“THE nutribun is a lie,” said one placard.
And with this the credibility of the anti-Marcos rallies may just have taken a hit.
After all, how can one deny the existence of the nutribun?
Nutribun is a type of bread whose formula was developed by nutritionists at the University of Virginia Polytechnic Institute, and was later used as part of the campaign during the term of President Ferdinand Marcos to combat child malnutrition. Using ingredients donated by the United States Agency for International Development (USAID) under the PL 480 Title II food aid program, this healthy bread was mass-produced, and delivered daily to public elementary schools all over the country. Because of this program of the Marcos administration that started in 1972, severe malnutrition in children was reported to have declined drasticallyfrom five percent to lower than one percent. As the incidence of malnutrition declined, the program was phased out in the mid-1980s.
The existence of nutribun coincided with the martial law period, which lasted from 1972 until 1981. And for many, it is a ubiquitous reminder of something that was positive about what otherwise is presented as a reign of terror. No one whose early education was in the public school system can ever deny, more so forget, its existence.
It would have been plausible to imagine that to many who lived through that period, whose relatives or parents were not involved in the anti-Marcos struggle, and whose lives were unaffected by the abuses, the nutribun may have been the most vivid image of what martial law may have meant.

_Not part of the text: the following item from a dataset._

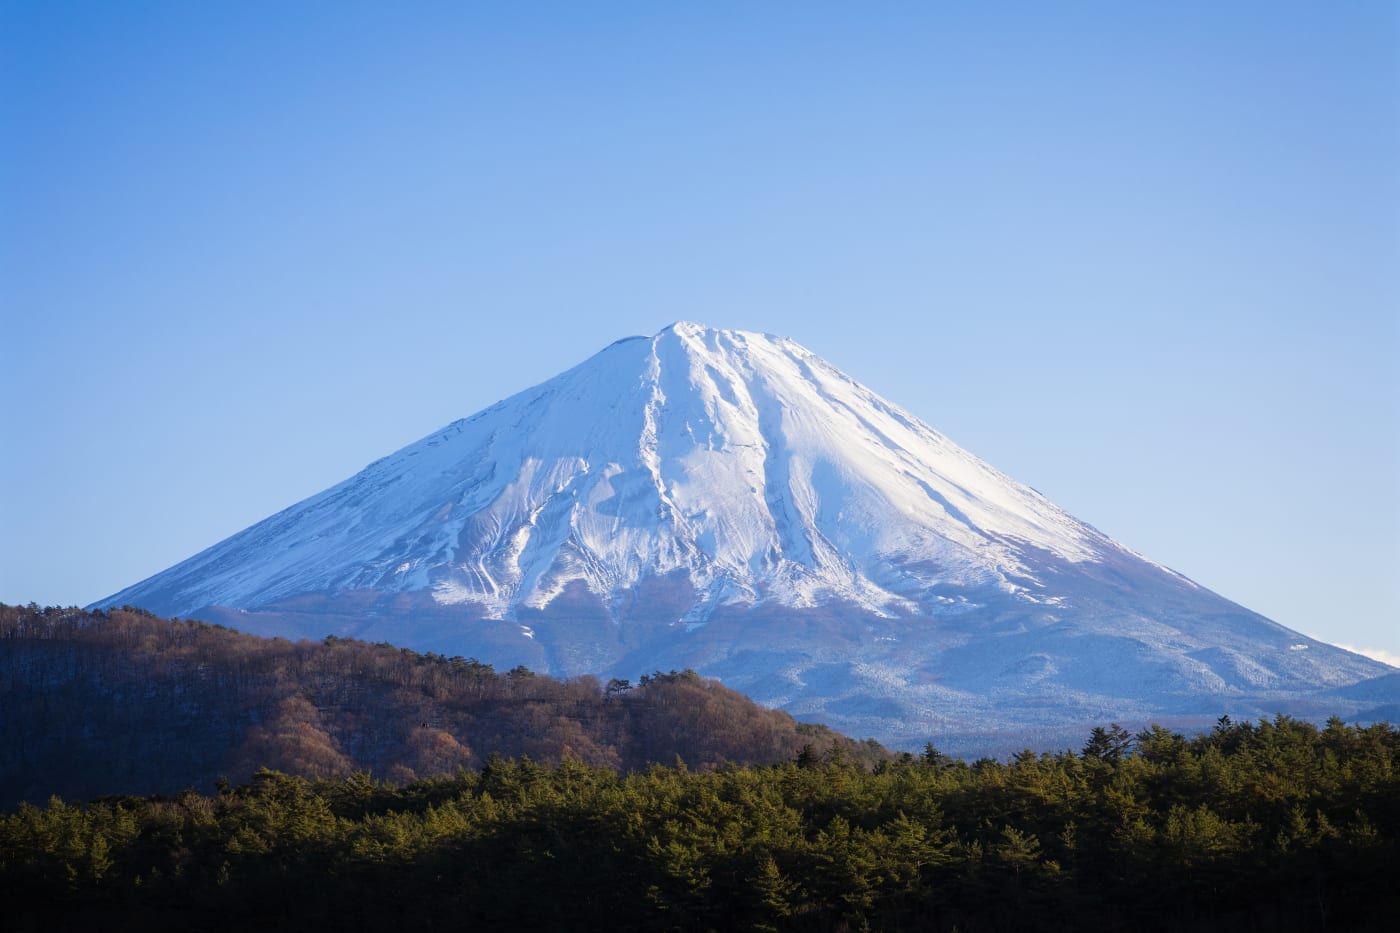 کوه فیجی در کدام کشور قرار دارد؟
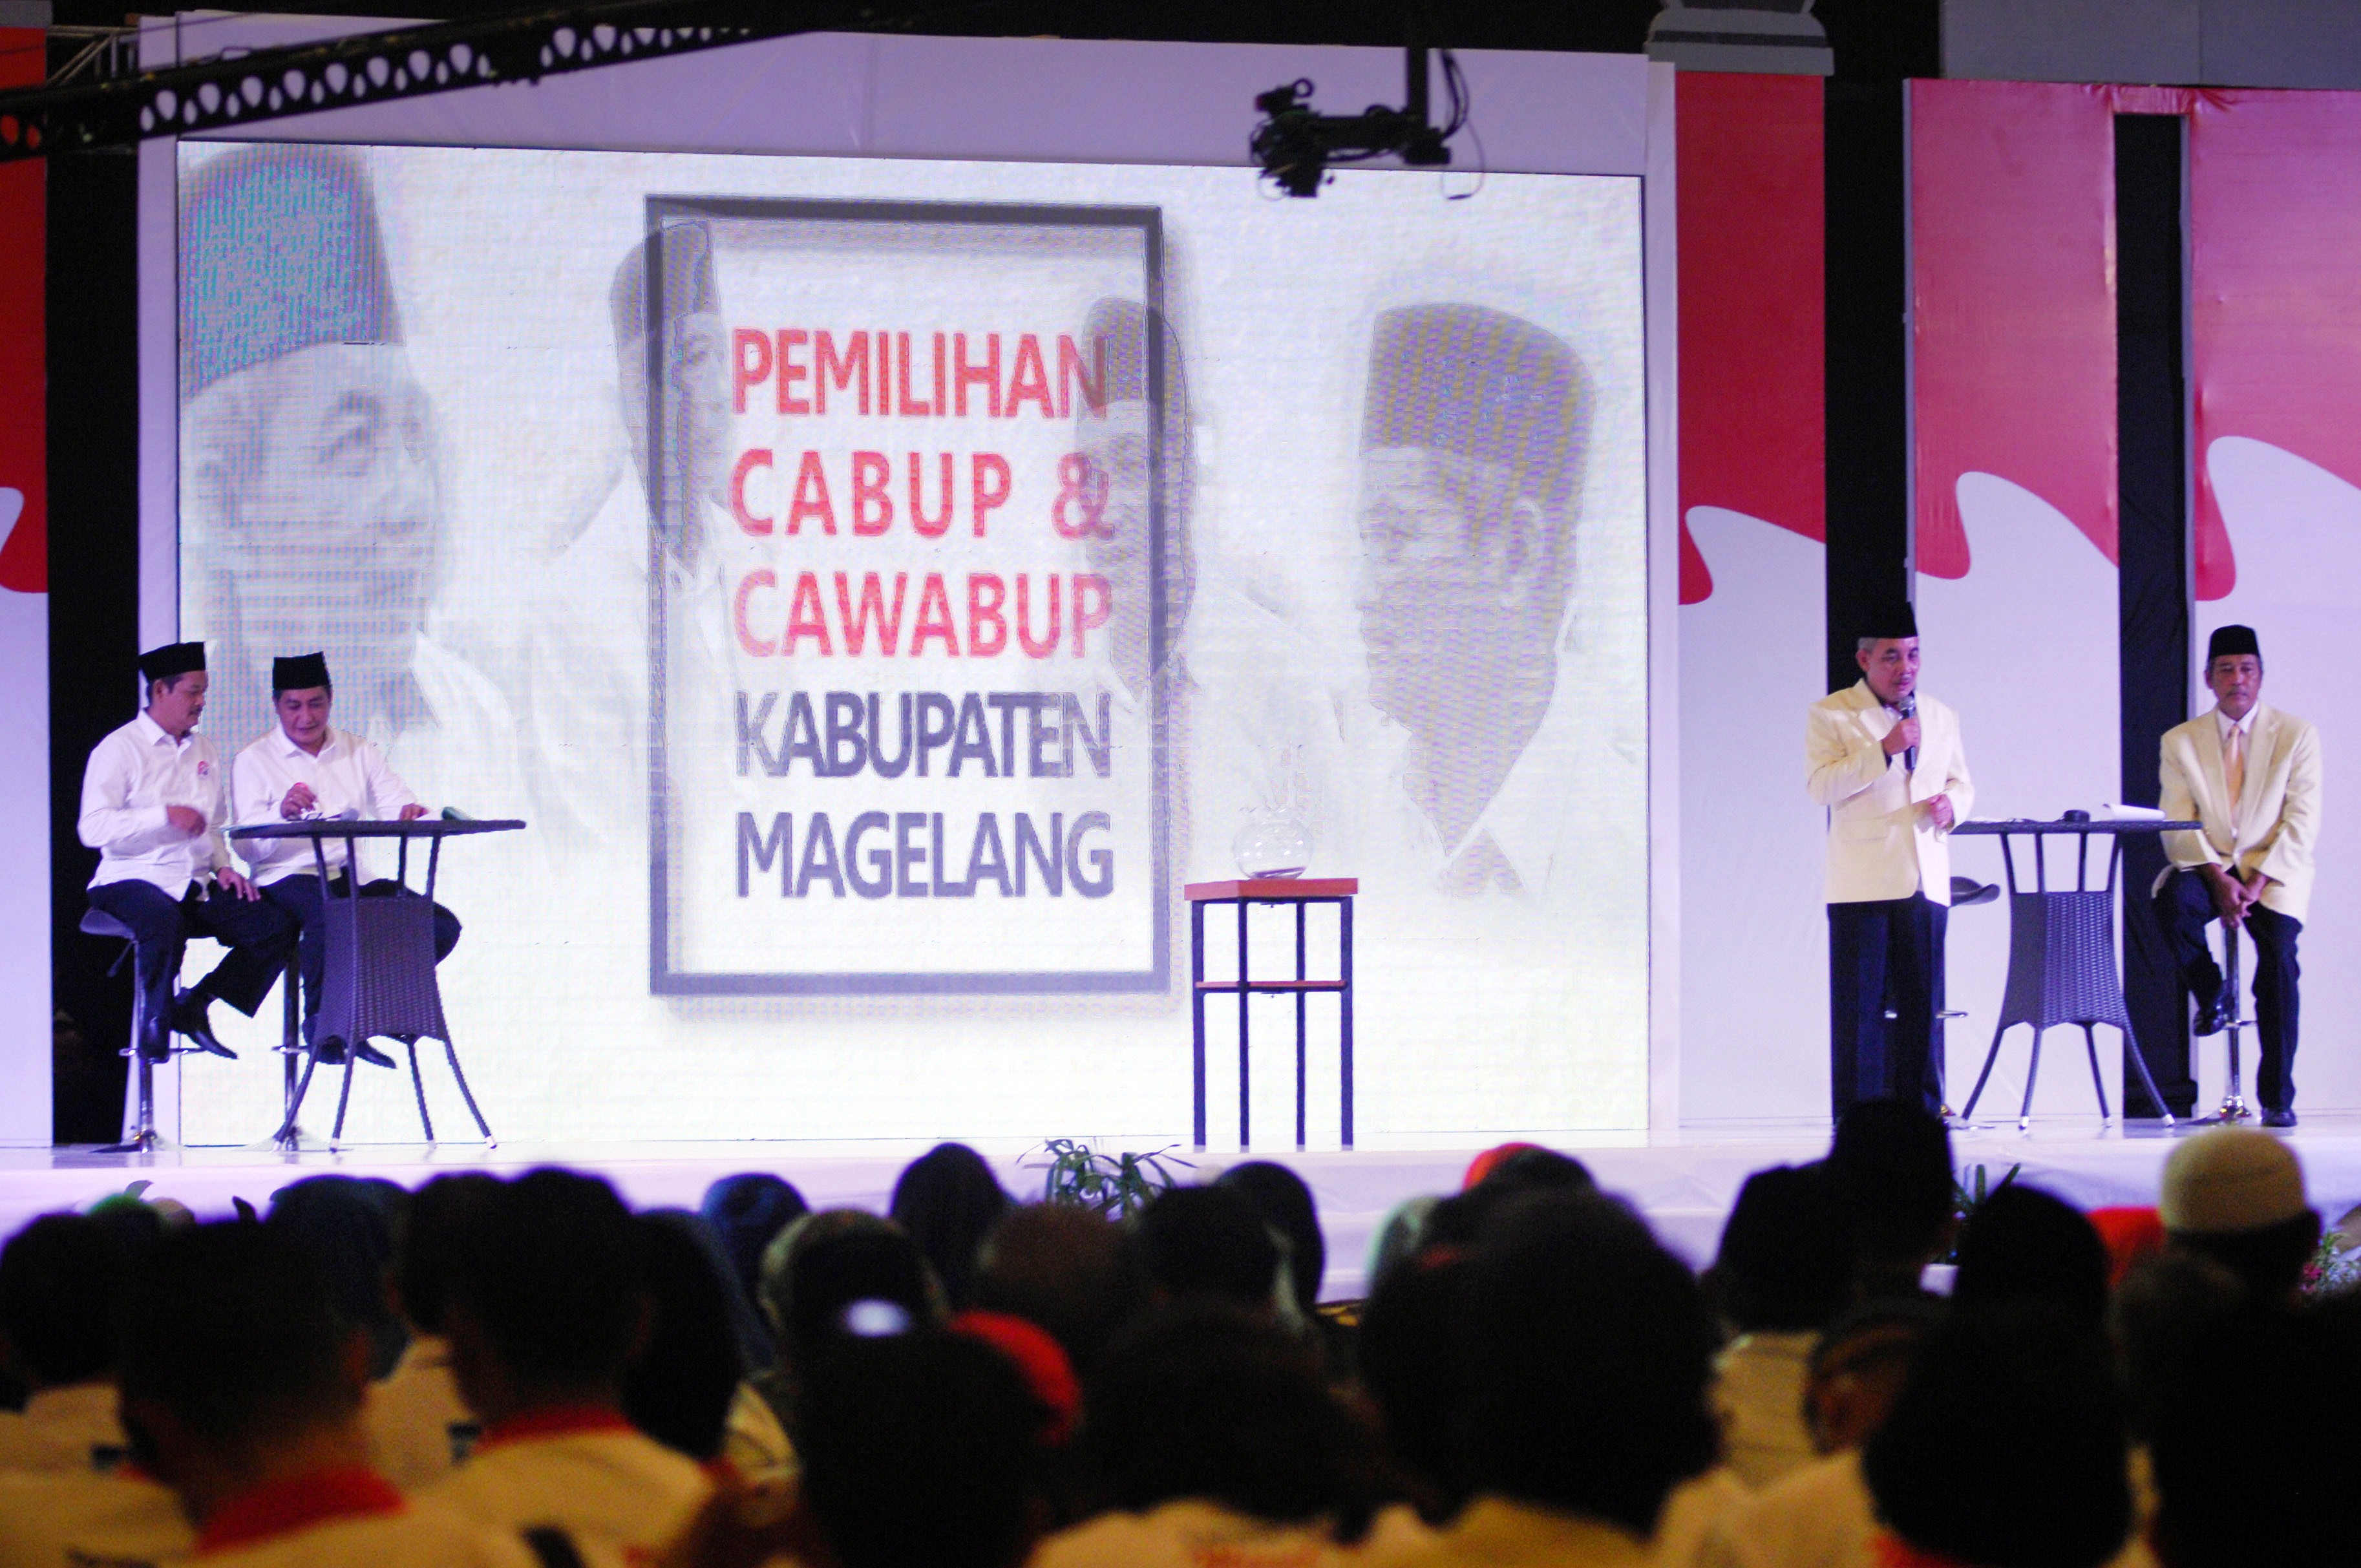   Debat Publik di Pilkada Kabupaten Malang Tanpa Pendukung

The statement “the nutribun is a lie” is actually a recasting of the meme “the cake is a lie” which is associated with a video game called “Portal” played mostly by millennial gamers. The game uses the image of a cake as a motivation, a reward after solving a puzzle, which in the end turns out to be a lie.
Thus, this meme is something that only video gamers would understand. Being a meme about deception, one can only surmise that the appropriation of it in an anti-Marcos rally, using the nutribun to replace the cake, was an attempt to taunt the Marcos regime, with the hope that the message of deception and lying would be read by the crowd.
But the opposite occurred. Instead of indicting the lies and deceptions of Marcos and martial law, the placard bearing “the nutribun is a lie” has become the indictable lie.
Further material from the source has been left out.